After the script finishes, inspect outputs/gkd_math_validation/math_validation_metrics.json. It contains:
  • training.train_loss: final training loss (useful for comparing configs).
  • baseline and distilled blocks: eval accuracy, average generated tokens, etc.

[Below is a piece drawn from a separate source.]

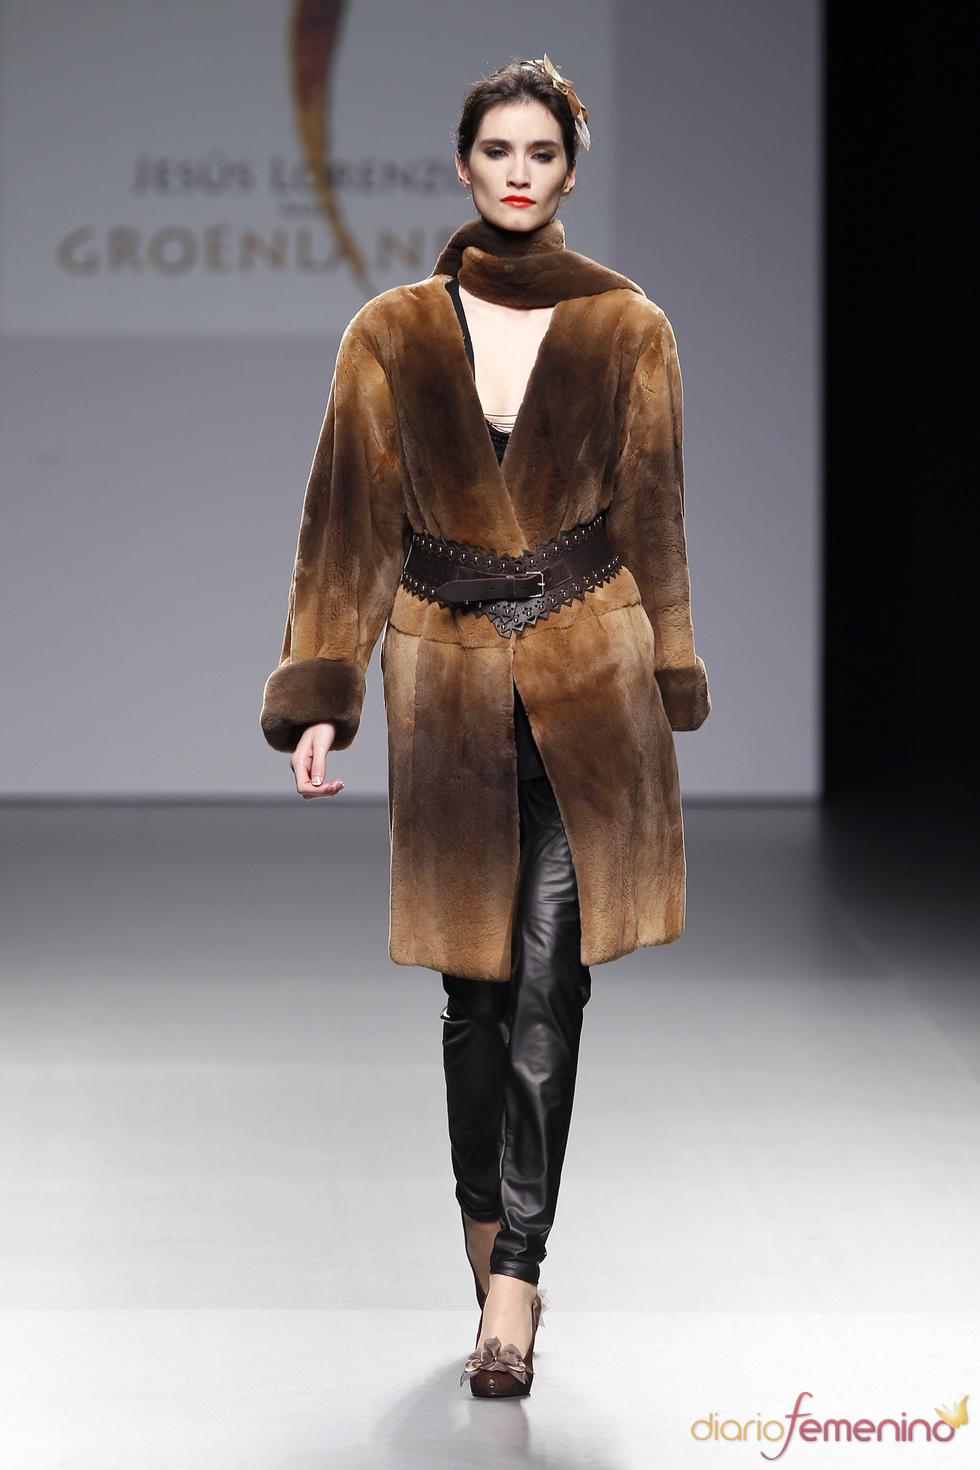 Fotos Moda: Jesús Lorenzo en Cibeles Madrid Fashion Week

  • success_delta and token_reduction_pct derived from the baseline/d distilled metrics so you can see how the distilled student improved.
Example snippet:
{
  "training": {"train_loss": 0.0294},
  "baseline": {"accuracy": 0.758, "avg_generated_tokens": 210},
  "distilled": {"accuracy": 0.815, "avg_generated_tokens": 180}
}
Compute success delta (0.815 - 0.758 = +5.7 pp) and token reduction (1 - 180/210 ≈ 14.3%) to judge whether the run met your targets.

Next steps

  • Use scripts/examples/run_two_gear_gkd.py to run the fast and reliability configs back-to-back and automatically print the comparison table.
  • Once you have Postgres traces from the Atlas runtime, re-run train.py --config-name teacher_gkd pointing at ATLAS_DB_URL to distill your own workflows instead of GSM8K.